N.E.THING

Why most AI projects fail before they start

There's a statistic that gets thrown around a lot: 85% of AI projects fail. The number varies depending on the source, but the pattern is consistent. Most AI initiatives don't fail because the technology doesn't work. They fail because the project was set up to fail from the beginning.

After working across dozens of AI implementations — from document processing pipelines to predictive maintenance systems — we've identified five failure modes that account for the vast majority of stalled or abandoned projects. None of them are technical.

Failure Mode 1: Wrong Problem Selection

The most common mistake is choosing to automate a process that sounds impressive rather than one that delivers measurable value. Teams gravitate toward flashy use cases — building a chatbot, implementing computer vision — without first asking whether the problem is worth solving with AI at all.

The fix is simple but rarely followed: start with the business outcome, not the technology. What decision are you trying to improve? What process costs you the most time or money? What would change if you had perfect information? Work backward from there.

Failure Mode 2: No Data Strategy

AI is only as good as its data, yet most organisations jump to model selection before understanding what data they have, where it lives, and whether it's actually usable. We've seen companies invest six figures in AI platforms only to discover their training data is incomplete, inconsistent, or locked in systems that can't be accessed programmatically.

Before any AI project, audit your data. Map every source. Understand the gaps. Build the pipeline before you build the model.

Failure Mode 3: Underestimating Change Management

Even a perfectly built AI system will fail if the people who need to use it don't trust it, don't understand it, or see it as a threat to their role. Change management isn't a nice-to-have — it's a critical dependency.

The best AI projects we've delivered all had one thing in common: end users were involved from week one. They helped define the problem, tested early prototypes, and felt ownership over the solution.

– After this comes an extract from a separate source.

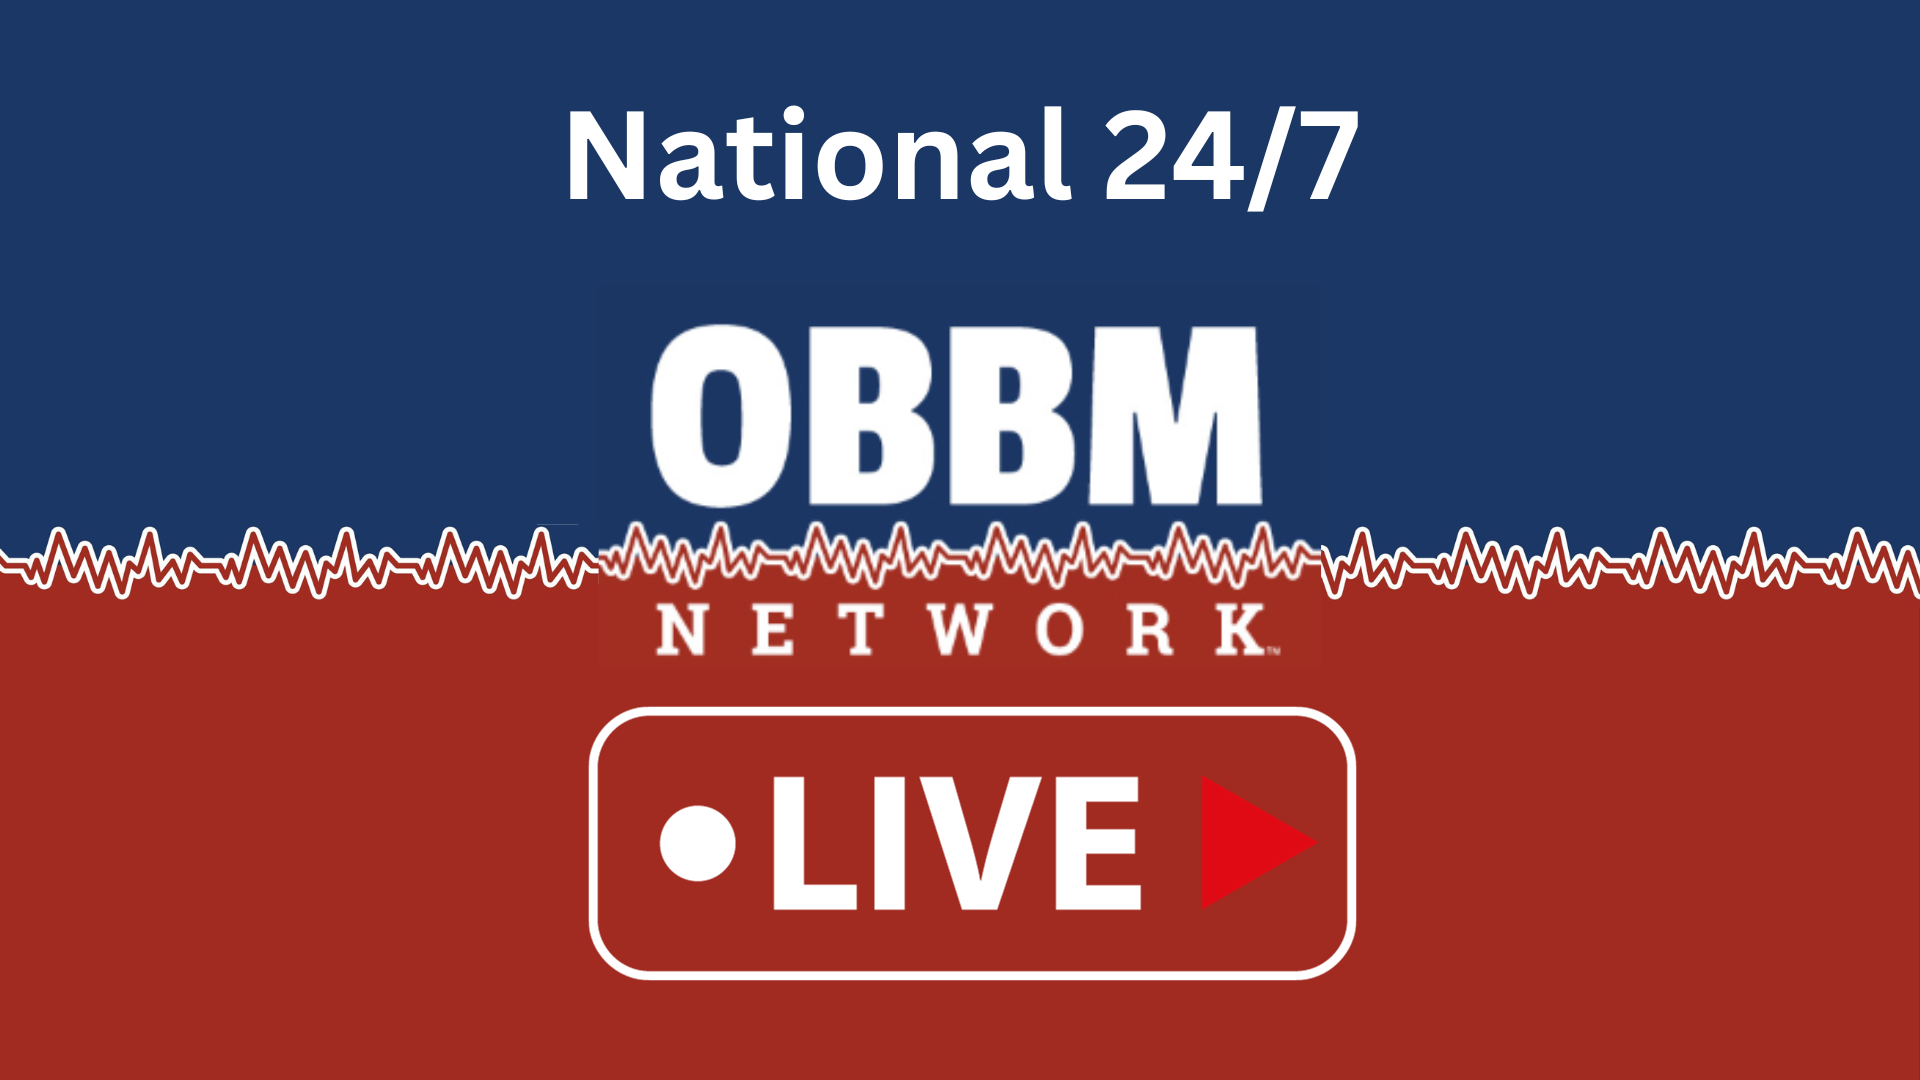 National Live Channel - OBBM Network

Failure Mode 4: Vendor Lock-in

Choosing a proprietary AI platform because it promises fast results often leads to long-term pain. When your business logic lives inside a vendor's black box, you lose the ability to customise, migrate, or scale on your own terms.

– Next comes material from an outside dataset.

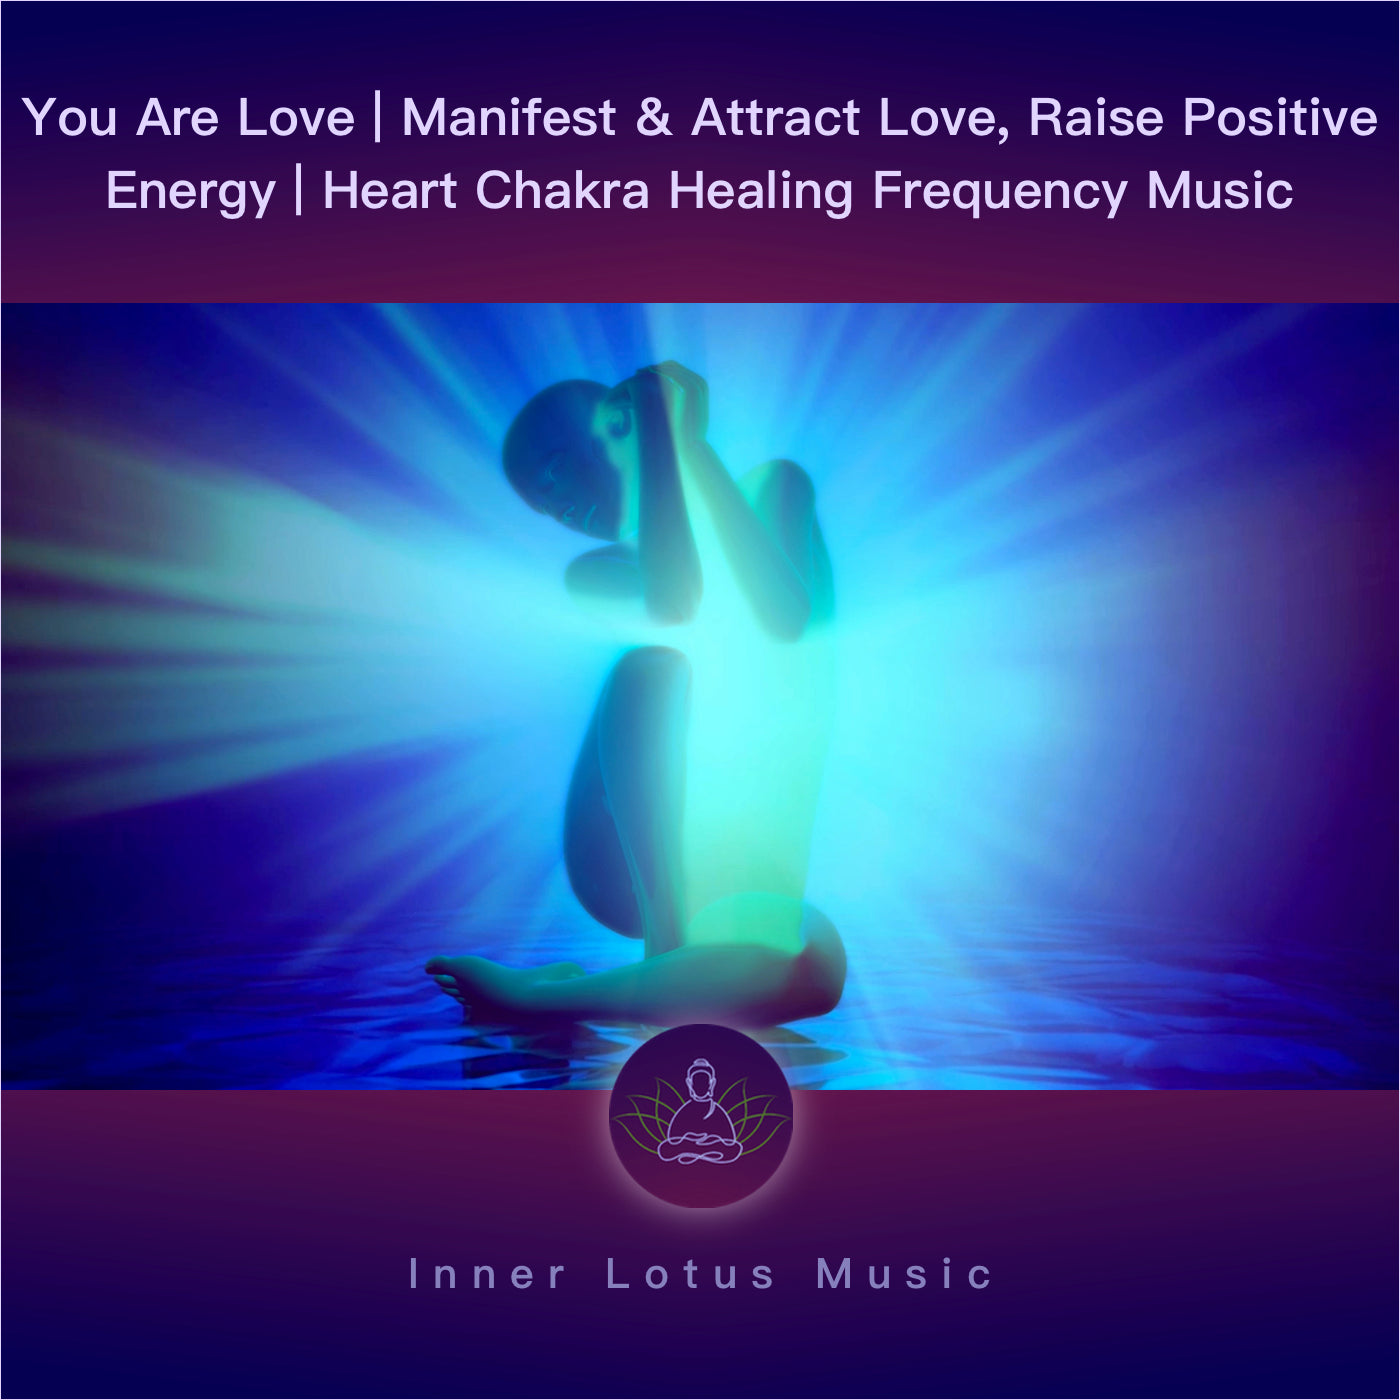 You Are Love | Manifest & Attract Love, Raise Positive Energy | Heart Chakra Healing Frequency Music

We advocate for open architectures wherever possible. Use best-in-class models through APIs, own your data pipelines, and keep your core logic in code you control.

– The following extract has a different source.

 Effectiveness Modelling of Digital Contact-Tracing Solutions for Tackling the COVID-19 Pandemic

Failure Mode 5: No Success Metrics

If you can't measure success, you can't prove value. Too many AI projects are evaluated on vague criteria like 'improved efficiency' or 'better insights' — terms that mean different things to different stakeholders.

Define your success metrics before you write a single line of code. Processing time reduced by X%. Error rate below Y%. Cost savings of Z per quarter. Make them specific, measurable, and agreed upon by everyone who matters.

How Boutique Consultancies Avoid These Traps

Large consultancies often perpetuate these failure modes — they sell AI strategy as a product, deliver a deck full of recommendations, and leave implementation to an internal team that wasn't part of the discovery process.

At Nething, we do the opposite. We own the problem from discovery through deployment. We start with the business challenge, not the technology. We build working systems, not slide decks. And we measure success the same way our clients do: in measurable, tangible outcomes.